This article is more than 10 years old.

(Photo credit: Jennifer Kirkland)

It’s a good time again to be a privately held company. No pressure over quarterly earnings, no obsession with stock prices, no anxiety over what you can say to whom about how the business is going. Heck, nobody outside the owner has to know anything. Mark Zuckerberg probably wishes Facebook were still private.

Growth has been better among privates, too. Forbes’ 2012 roster of America’s biggest private firms, based on 2011 data, showed revenue growth of 12%, twice the growth of the S&P 500. More recent data come from a new study by KPMG and Forbes Insights, which found that 58% of private companies are poised for revenue growth of 6% or more over the coming year. Ten percent of the 473 executives who responded believed their sales will rise more than 20%. Projections are flattish to slightly up for S&P 500 earnings.

Forbes is also privately held, and we’re outdoing most of our publicly held rivals, even if we still talk about meeting revenue goals in hushed tones so as not to jinx them. Forbes has also been covering non-public companies since its launch in 1917. We care about the health of private companies because it's the right thing to do, and because we sorta have to. They make up 99% of all businesses in the U.S.

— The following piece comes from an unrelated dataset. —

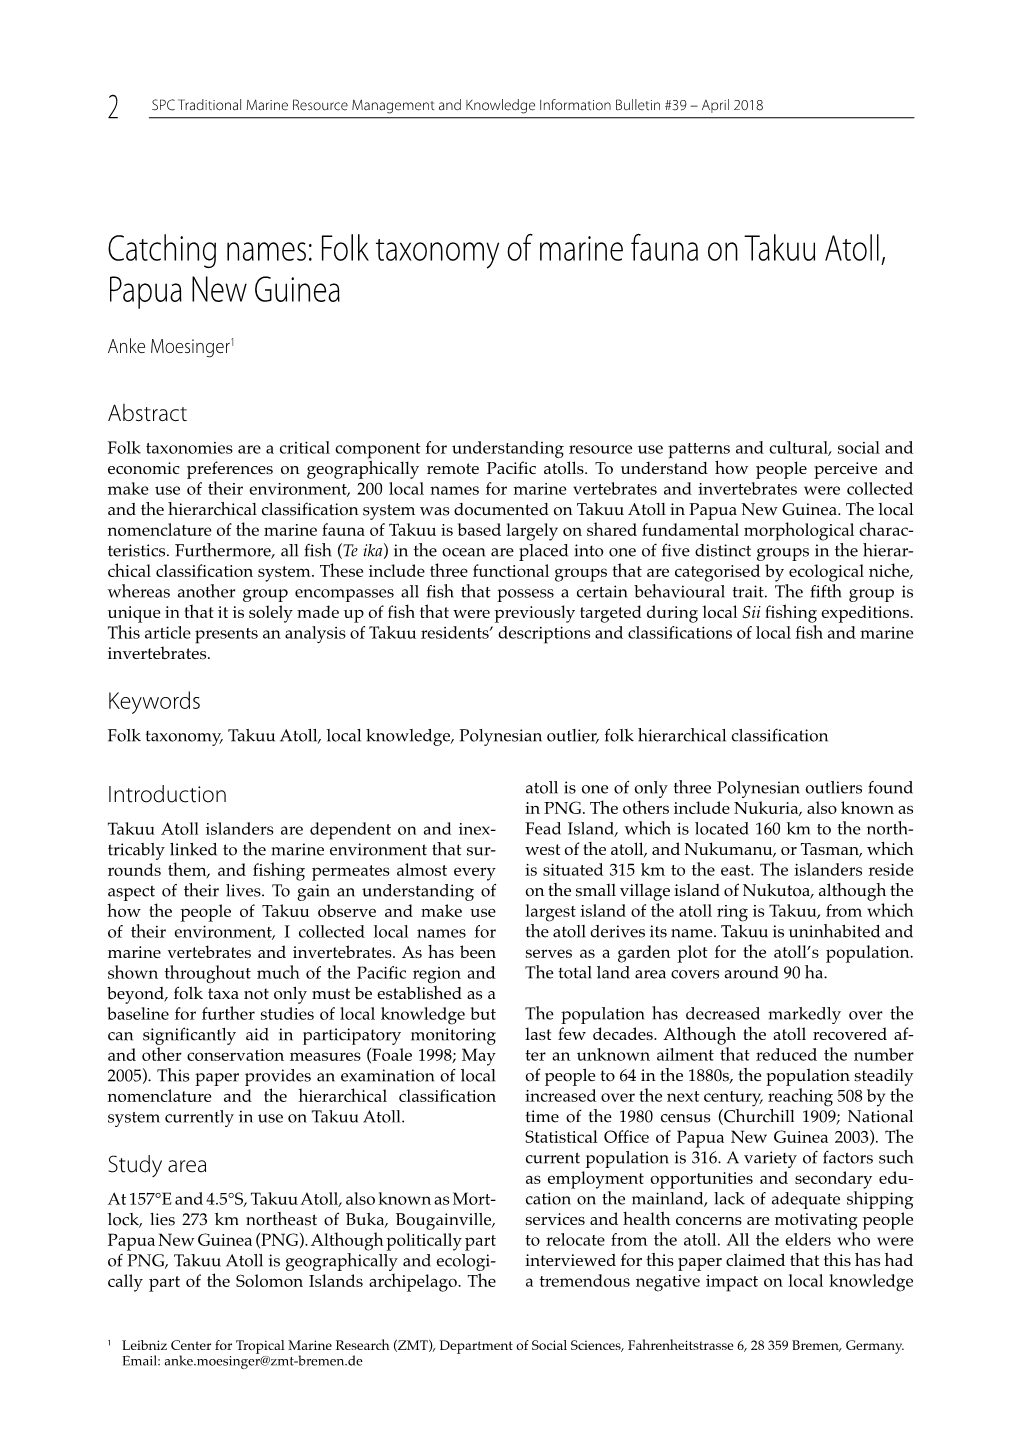 Folk Taxonomy of Marine Fauna on Takuu Atoll, Papua New Guinea

What makes private companies great? In an unscientific analysis by my colleagues Luisa Kroll, Kerry Dolan and I, we extrapolated six habits found at the biggest private firms as well at some smaller, successful ones. I hope you can apply one or more of these lessons to your business, no matter what size.

They have a mission

Great companies know what they are and what they stand for. Study after study shows that employees are happier and more productive, and may even accept lower wages, when personal needs higher up the Maslovian pyramid are being satisfied by their employment. Delivering on meaning also helps build more substantial relationships with customers and partners---especially when a company isn't getting the kind of press coverage and attention public companies typically get.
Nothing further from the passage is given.